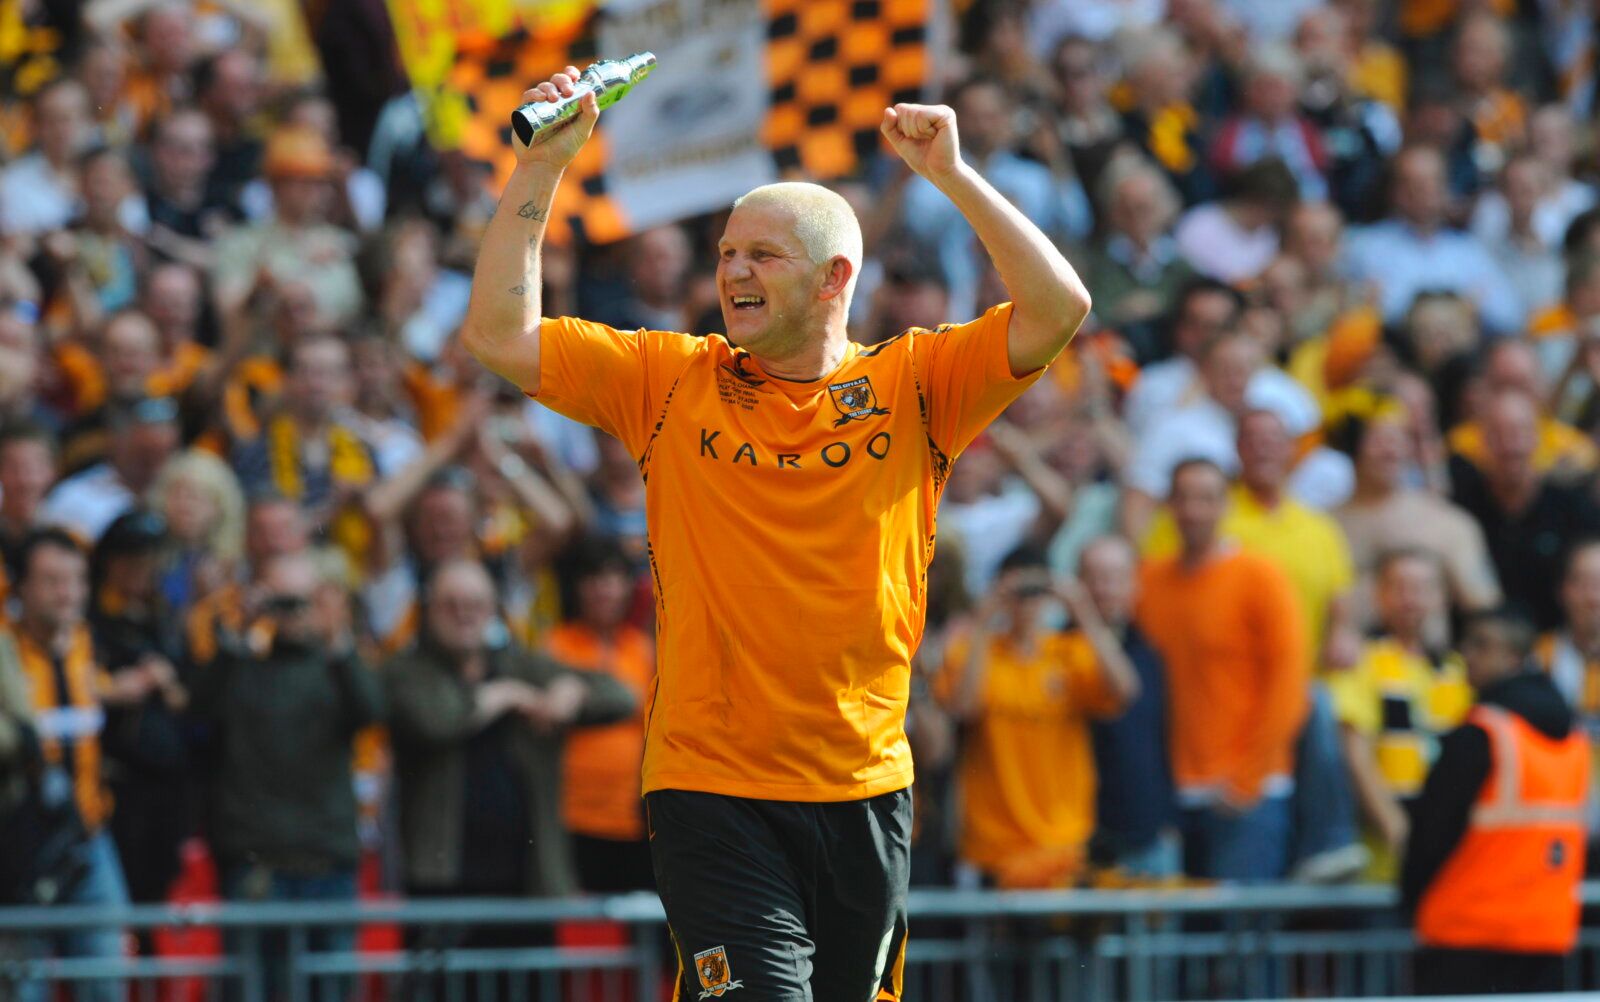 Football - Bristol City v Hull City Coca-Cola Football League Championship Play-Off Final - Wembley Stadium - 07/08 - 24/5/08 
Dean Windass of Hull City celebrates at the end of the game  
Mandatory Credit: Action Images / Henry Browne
--
## Work to complete
Return the lines beginning at the one that contains "Dean Windass of" and continuing through the last line of the data, exactly as they stand and without any others.

## Written response
Dean Windass of Hull City celebrates at the end of the game  
Mandatory Credit: Action Images / Henry Browne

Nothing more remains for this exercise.